> _THE PROBLEM_:
Directions for the data below: repeat exactly the lines from the one with "Disco Kiez - Flyer front" through the one with "Charlie milf posing outdoors Hot", both included, and omit all pictures.

─── MATERIAL PROVIDED

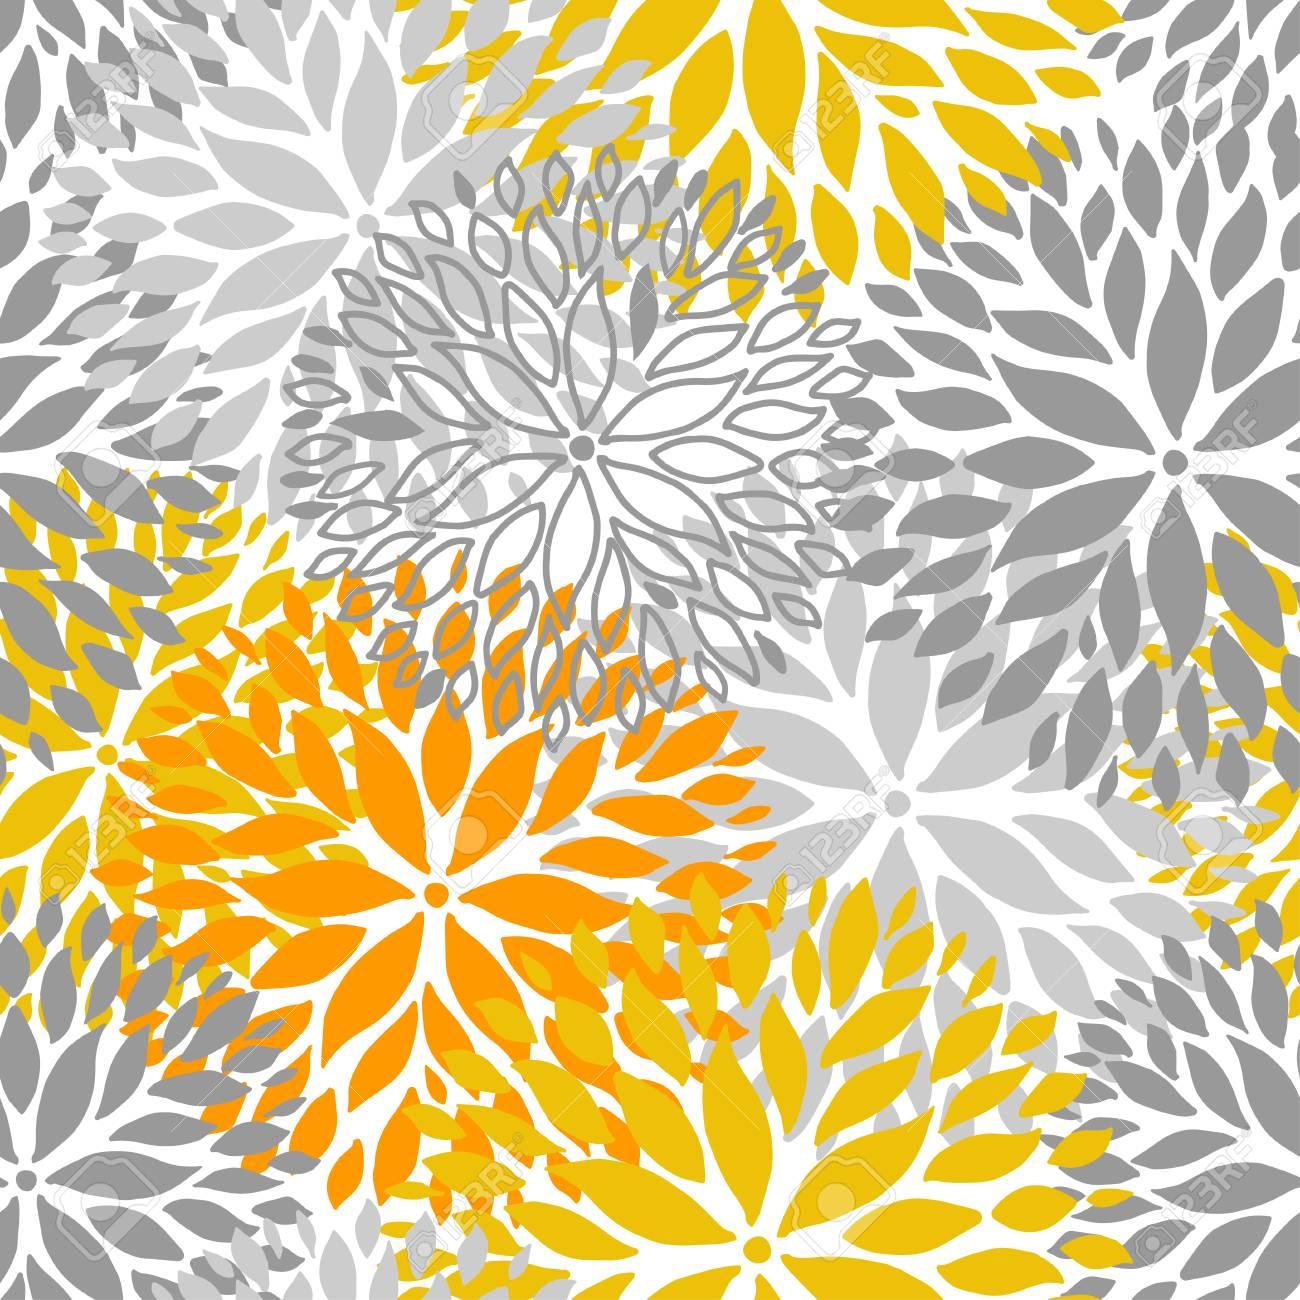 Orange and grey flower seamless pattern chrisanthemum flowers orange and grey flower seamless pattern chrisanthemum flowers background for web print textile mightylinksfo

──────
─── MATERIAL PROVIDED

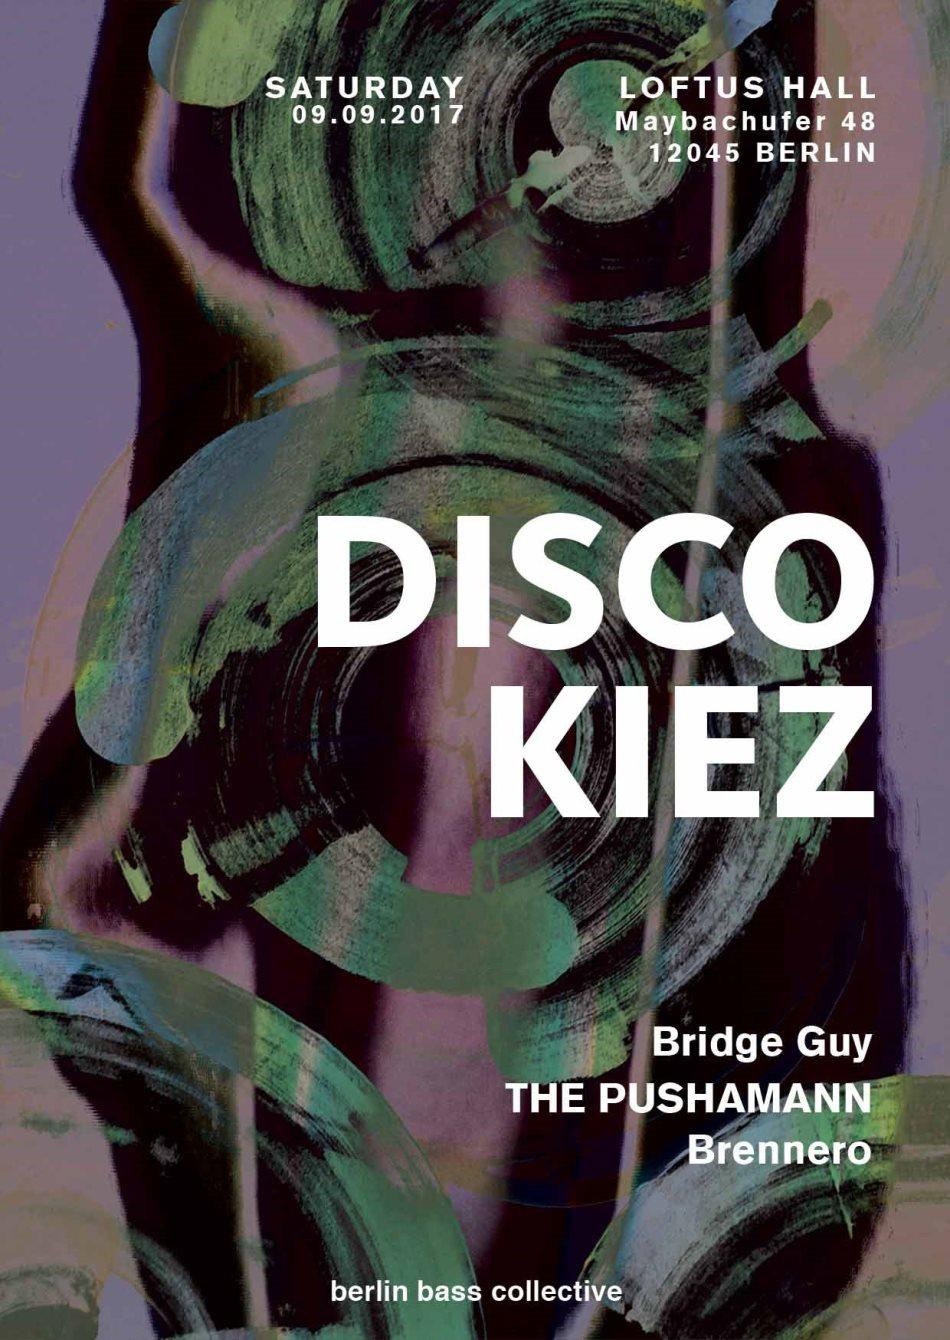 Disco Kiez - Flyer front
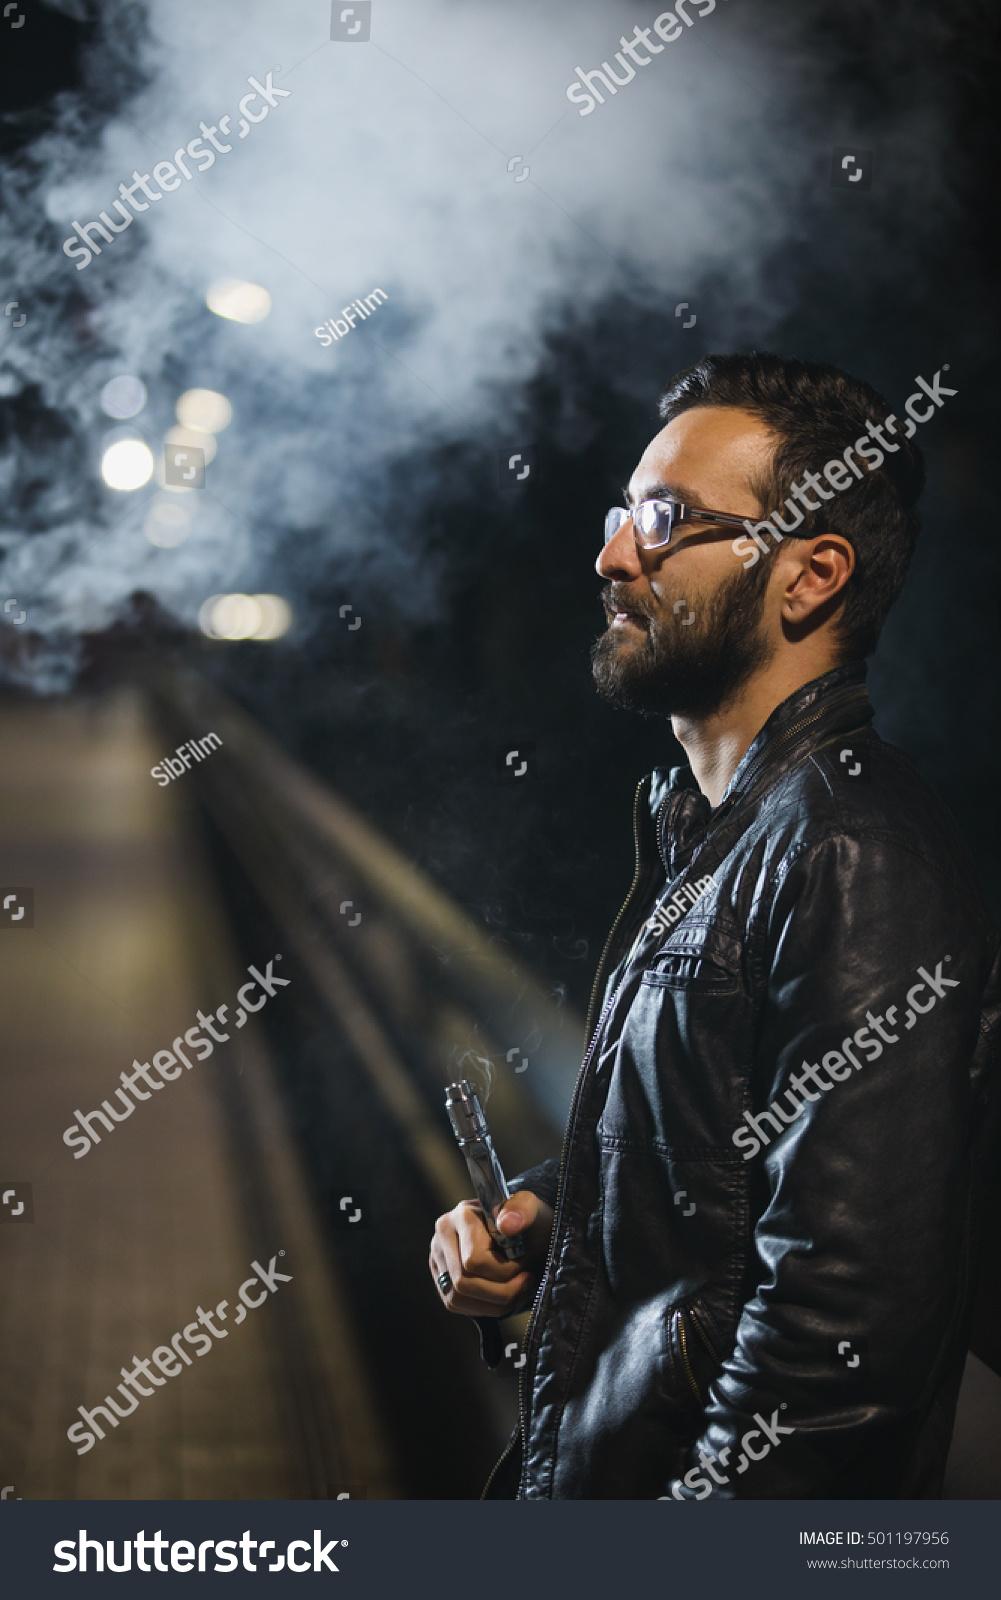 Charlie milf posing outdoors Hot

──────

> _TASK RESULT_:
 Disco Kiez - Flyer front
 Charlie milf posing outdoors Hot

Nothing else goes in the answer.